Bridgett, represented by attorney John Mudd, struck a plea deal with Charles County States Attorney Leonard Collins and also forfeited his county pension, accrued annual leave, and medical benefits. By the county’s reckoning, the restitution and lost benefits will cost Bridgett a total of $603,000.
The five county commissioners, three of whom had selected Bridgett for the top-ranking county post in January 1988, said in a joint statement that they hoped the disposition of the case “sends a strong message that this type of behavior will not be tolerated at any level of government in Charles County. …”
Not long afterward, one of the commissioners was caught on tape stealing gas from the county gas pumps by filling large containers in the back of his county-provided sedan to use in his other vehicles.
Commissioner Marland Deen, three times elected to the post of commissioner, at the age of 66, pleaded guilty in 2001 to theft and in a plea deal was given five years’ probation and avoided jail by paying $1,600 for gas he stole from the county pumps. Deen admitted he was dumb to take the gas and took responsibility, saying his actions were foolish and stupid.
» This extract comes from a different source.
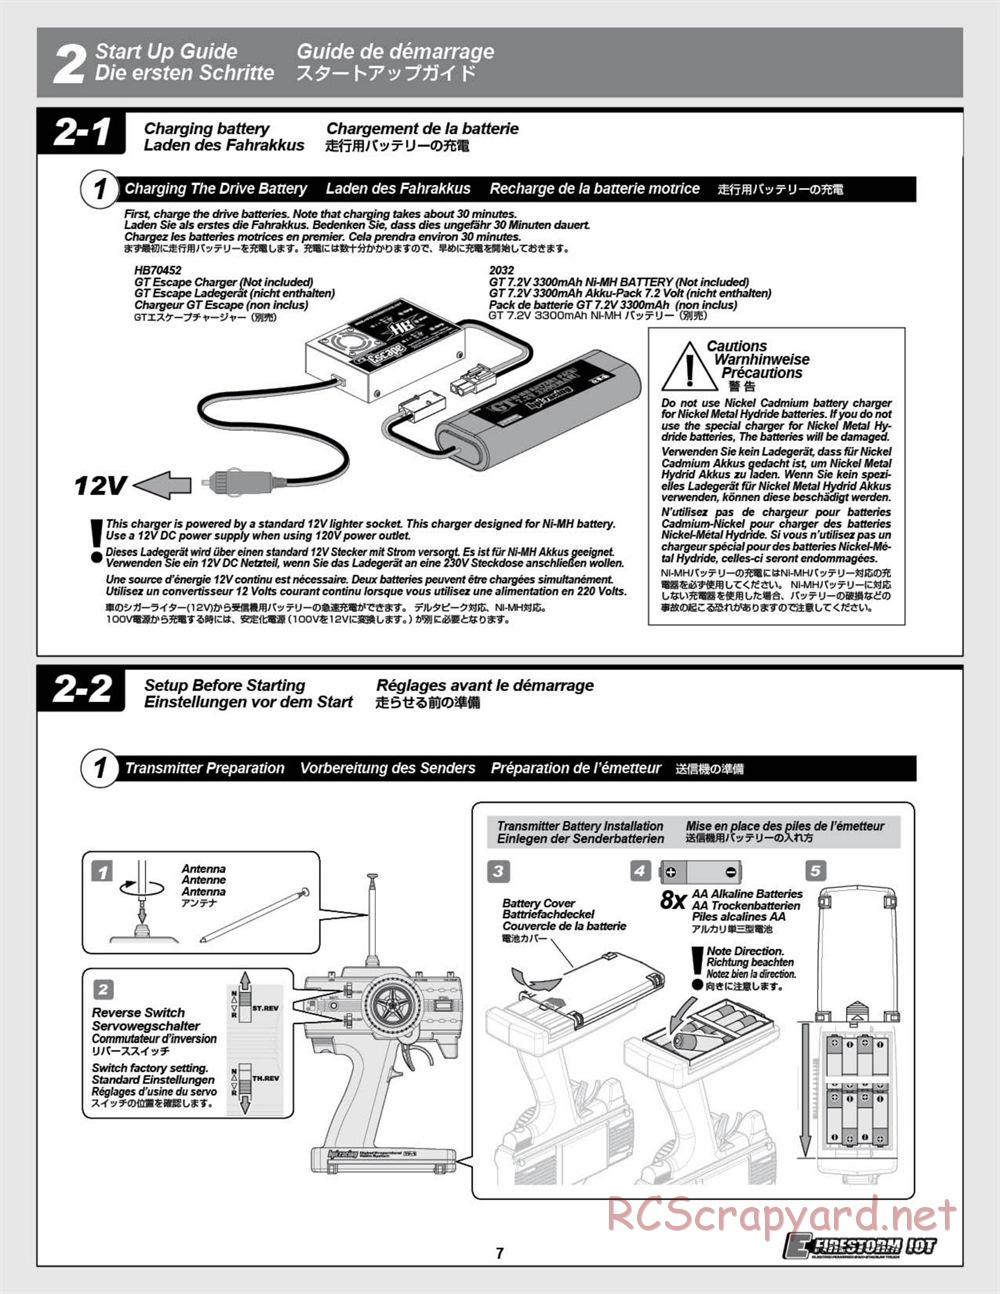 HPI - E-Firestorm 10T - Manual - Page 7

Detectives had videotaped him filling gas cans in the back seat of his car, which essentially made him a rolling bomb. Deen was well liked and re-elected by the voters to the post of commissioner after serving two months in jail for running illegal slot machines in his store on Rt. 925 in Waldorf. Deen had been charged with operating illegal video gambling machines at Deen’s Little Store in 1984. Two other prominent Charles County names — deputy sheriff John T. Hindle and John L. Sprague, the brother of state delegate Michael Sprague (D-Charles Co.), were caught up in the gambling raid. Deputy Hindle was operating the illegal slot machine at the Fraternal Order of Police Lodge in La Plata.
Following his theft conviction, Deen never ran for office again. He was accused of running a rental property without heat and water where a baby died but was exonerated when the medical examiner ruled the cause of death to be sudden infant death syndrome.
Bridgett, following his release from prison, began running a country store near La Plata and a marina on the Potomac.